As of March 25, 2016, Darden Restaurants (DRI) was trading at $65.80. The share price may have already priced in the estimates that we’ve discussed in the earlier articles. In this article, we’ll look at analysts’ recommendations and estimated price targets over the next 12 months
Currently, analysts are expecting Darden, which forms 0.27% of the iShares US Consumer Services ETF (IYC), to reach $70.70 over the next 12 months, which would represent a return of 7.5%. The announcement of higher same-store sales growth and EPS guidance for 3Q16 by Darden’s management have prompted analysts to revise their estimates upward from $68.20 to $70.70.
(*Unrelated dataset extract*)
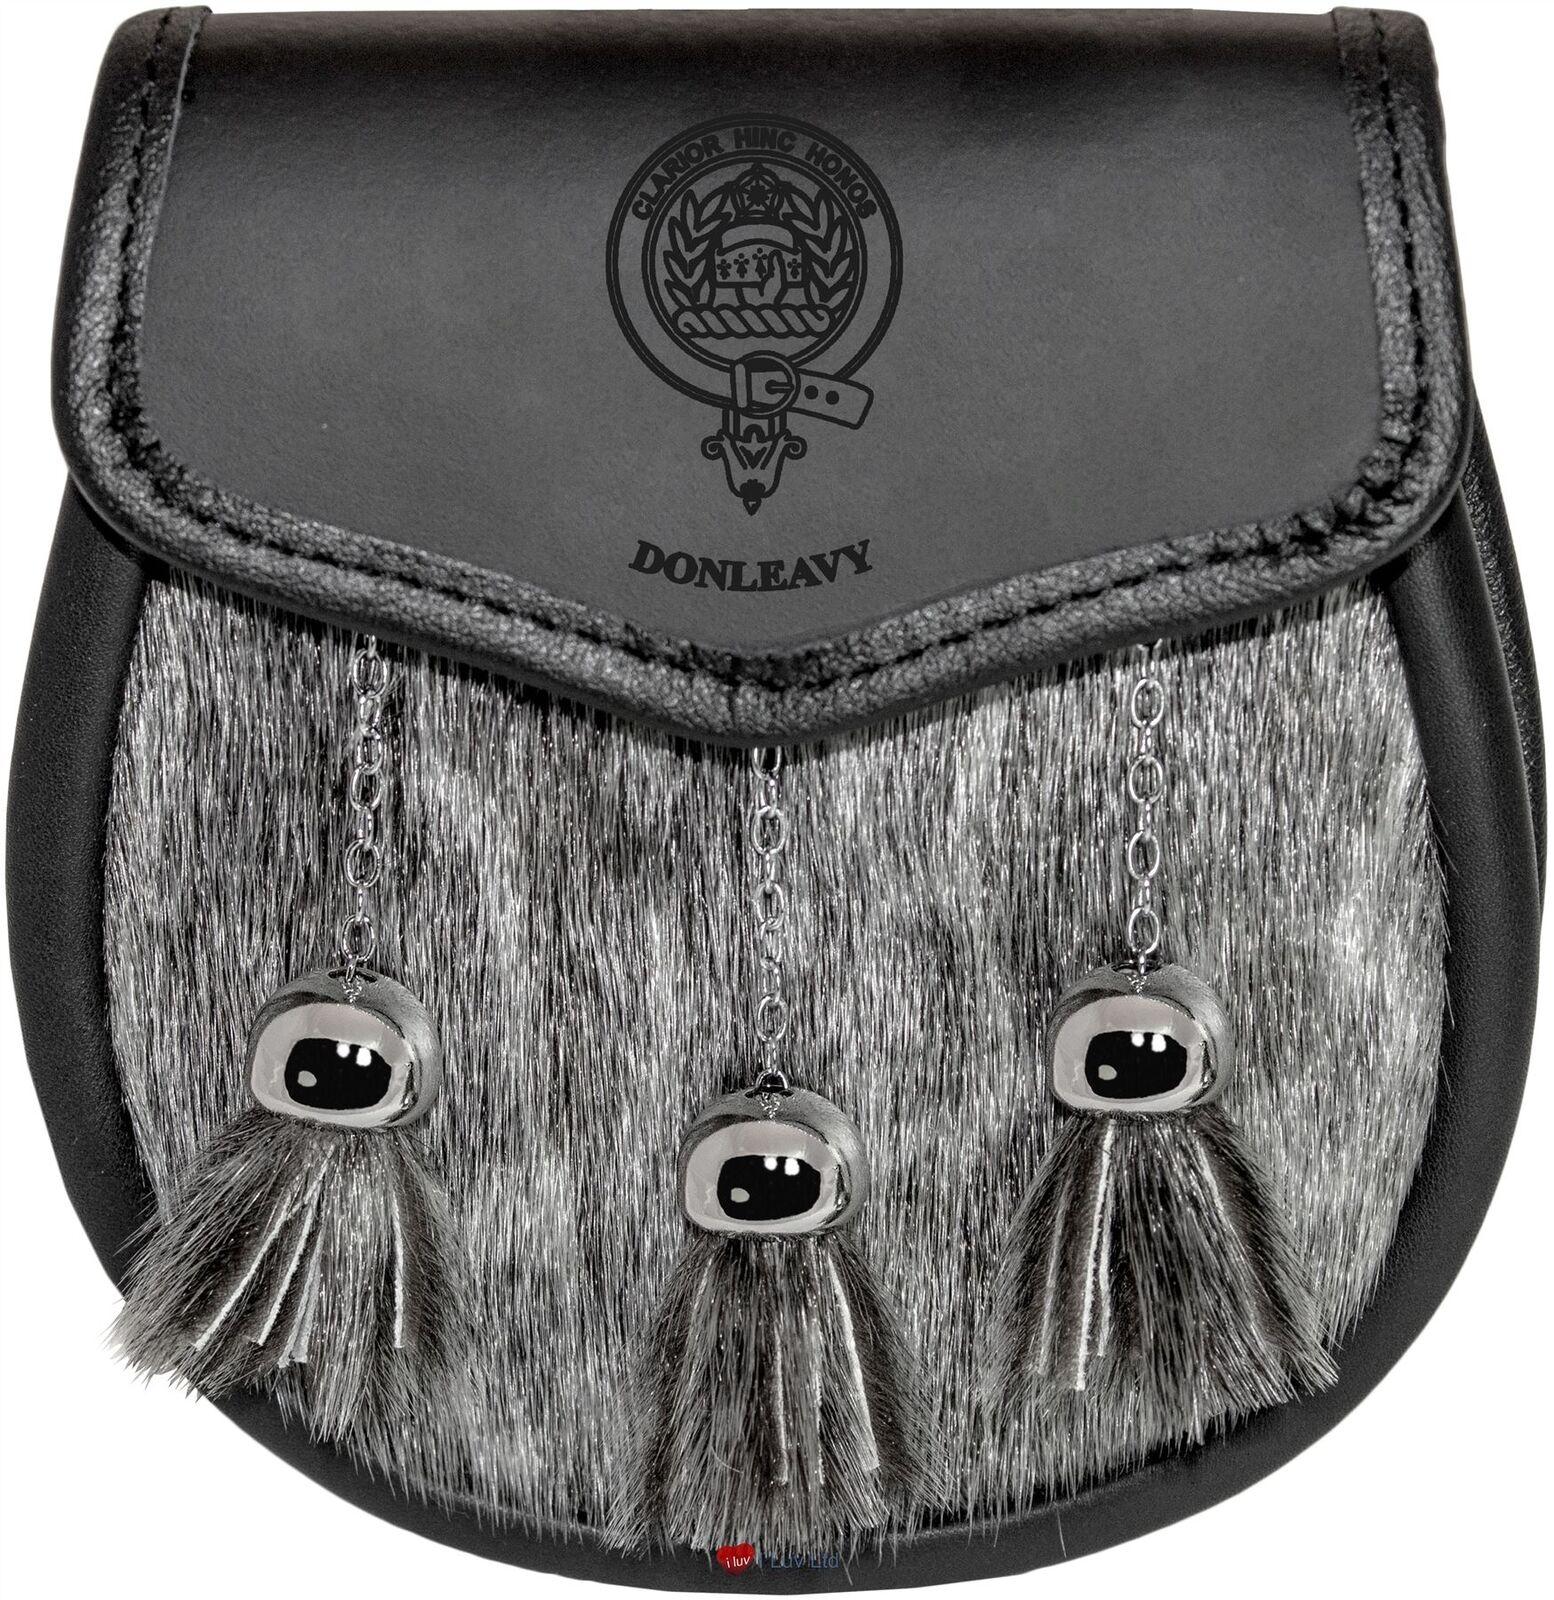 Donleavy Semi Dress Sporran Fur Plain Leather Flap Scottish Clan Crest

On the higher side, Jeffrey A. Bernstein of Barclays has estimated that it could reach $81. On the lower side, Karen Holthouse of Goldman Sachs has estimated that it could reach $63.
Among Darden’s peers, Texas Roadhouse (TXRH) has a return potential of 1% over the next 12 months. Bloomin’ Brands (BLMN) and Brinker International (EAT) are expected to return 23.1% and 19.7%, respectively.
According to a Bloomberg consensus, of the 29 analysts surveyed, 41.4% have “buy” recommendations for DRI, 51.7% have “hold” recommendations, and 6.9% have “sell” recommendations. As the analysts raise their target price for the next 12 months, the share price of the stock may also increase, and vice versa.
A share price that is lower than the target price doesn’t mean an automatic buy. Before investing, you should carefully analyze the various metrics we’ve covered in this series.